Perhaps I see a different error.

dd010101 commented 3 months ago

I did found out the why the --always-make and sleep both work.

There is chicken and egg issue in the Makefile - the make will never build the cfparse.y because the target file y.tab.h already exists in the repository and the source file never changes because this is clean run, thus both files have identical or opposite timestamp assigned by git clone. This makes the make think the target is up to date, but the commited y.tab.h isn't up to date - that would normally break the build outright - expect in this specific case it does only sometimes because the dpkg-buildpackage applies various patches on top of the repository and one patch by luck touches the source file. Thus there is condition if the run is fast enough, it will apply the patches too quickly, so the timestamp from make's points of view doesn't change from the git clone timestamp, thus target is supposedly up to date. If the run is slower or you add delay like sleep then the patches will make sure the source file has newer timestamp and thus the target will be rebuilt.
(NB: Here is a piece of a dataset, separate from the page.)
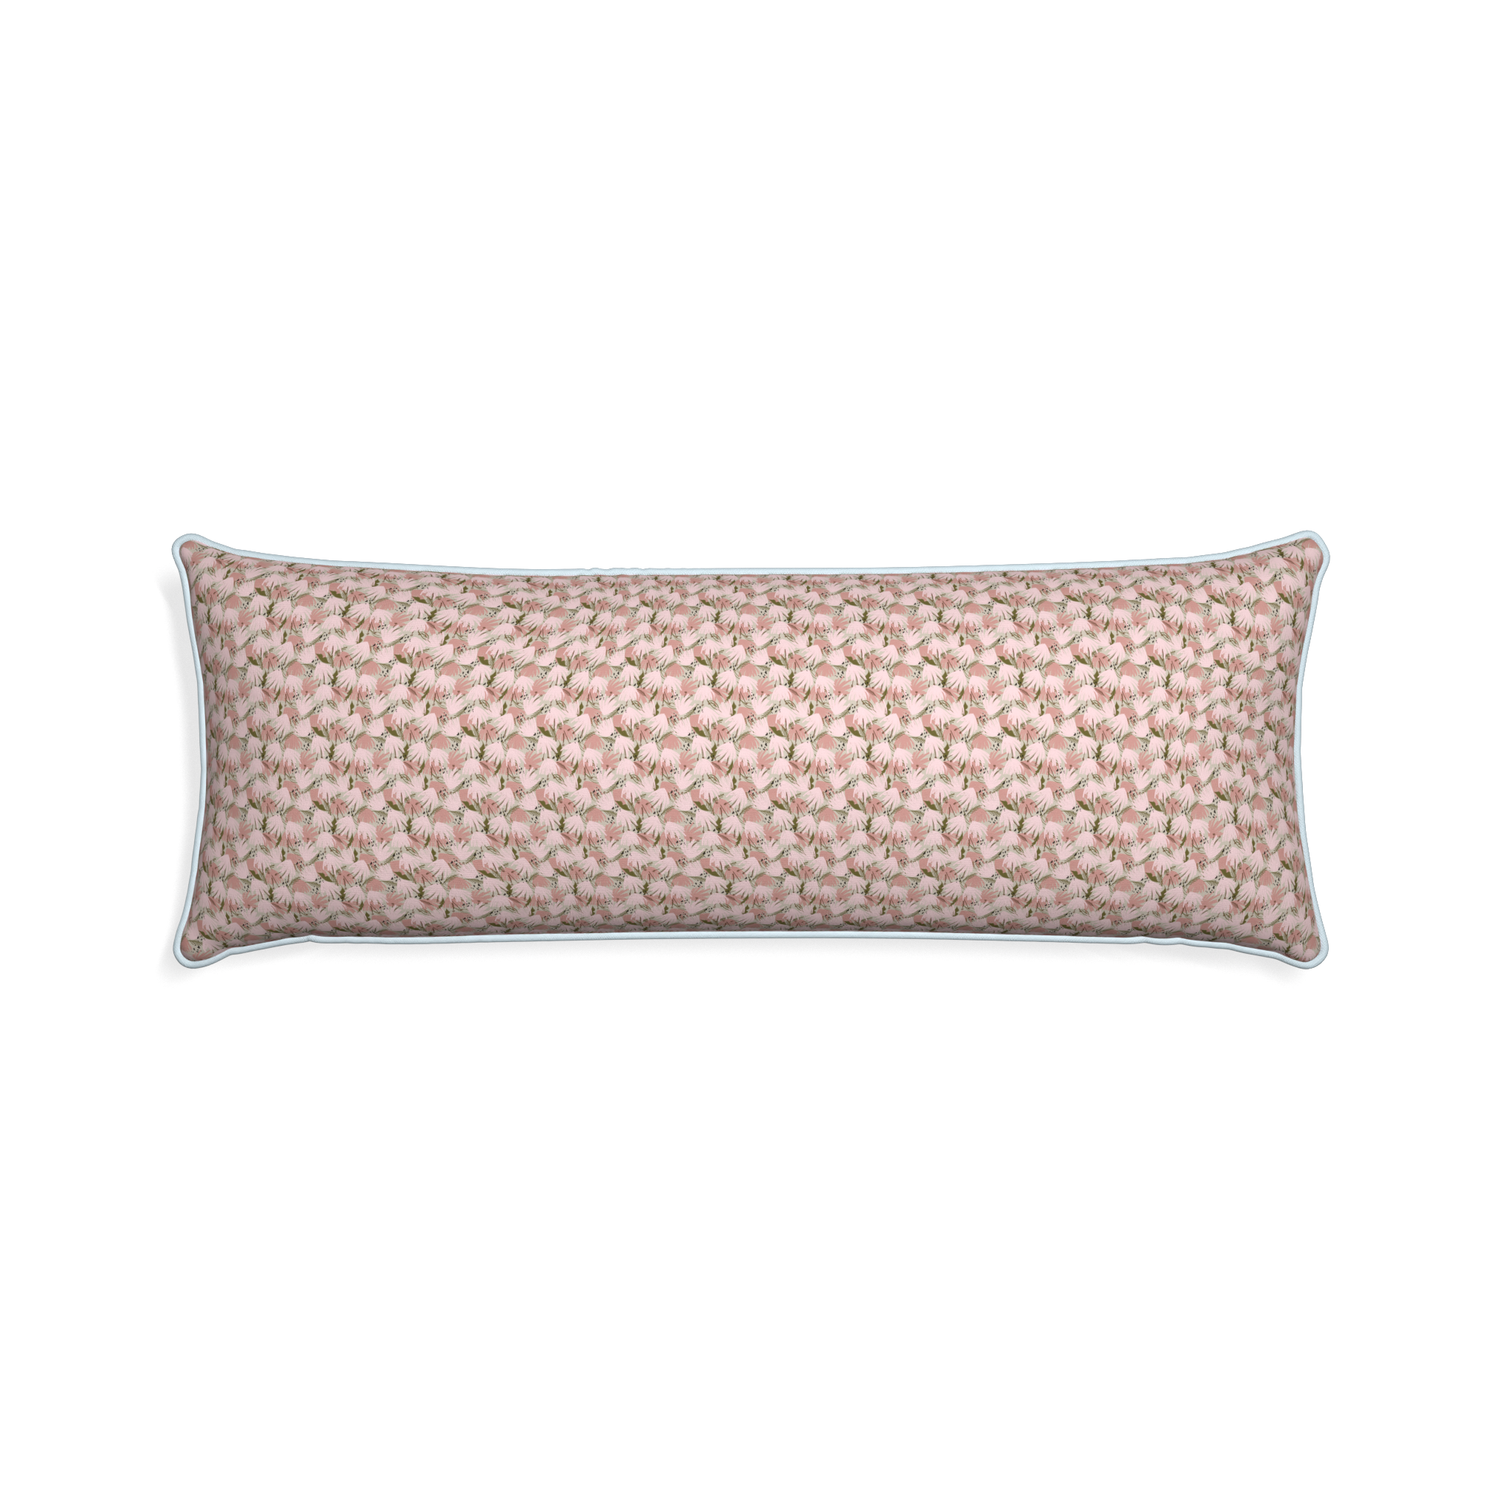 Xl-lumbar eden pink custom pink floralpillow with powder piping on white background

The --always-make works as well, since then it doesn't matter what are the timestamps.

Thus the underlying issue is that the target file y.tab.h is tracked in the GIT repository of Debian but it should be built by the bison -y -d cfparse.y during build and thus not tracked by the GIT. That's why the correct workaround is to delete y.tab.h before build to ensure the state is clean, ideally this file should be excluded by .gitignore and deleted from the Debian repository.

Today I couldn't reproduce the error with the original script since my system was loaded by other tasks and thus it was too slow to apply patches quickly enough 😄.

Only equuleus has the symptoms because sagitta runs extra commands before the dpkg-buildpackage applies patches thus this acts as delay to move the modification time forward triggered by patches.

@Crushable1278

Perhaps I see a different error.

It's the same error, bash and Jenkins fail identically.

Did you know this was the issue and that's why you did add sleep or you added sleep just because you felt like it and it worked?

GurliGebis commented 3 months ago

@dd010101 can you submit a PR upstream? might make sense to try and push things like that to VyOS 😊

dd010101 commented 3 months ago

I doubt they would approve my account since they deleted me on the forum 😄.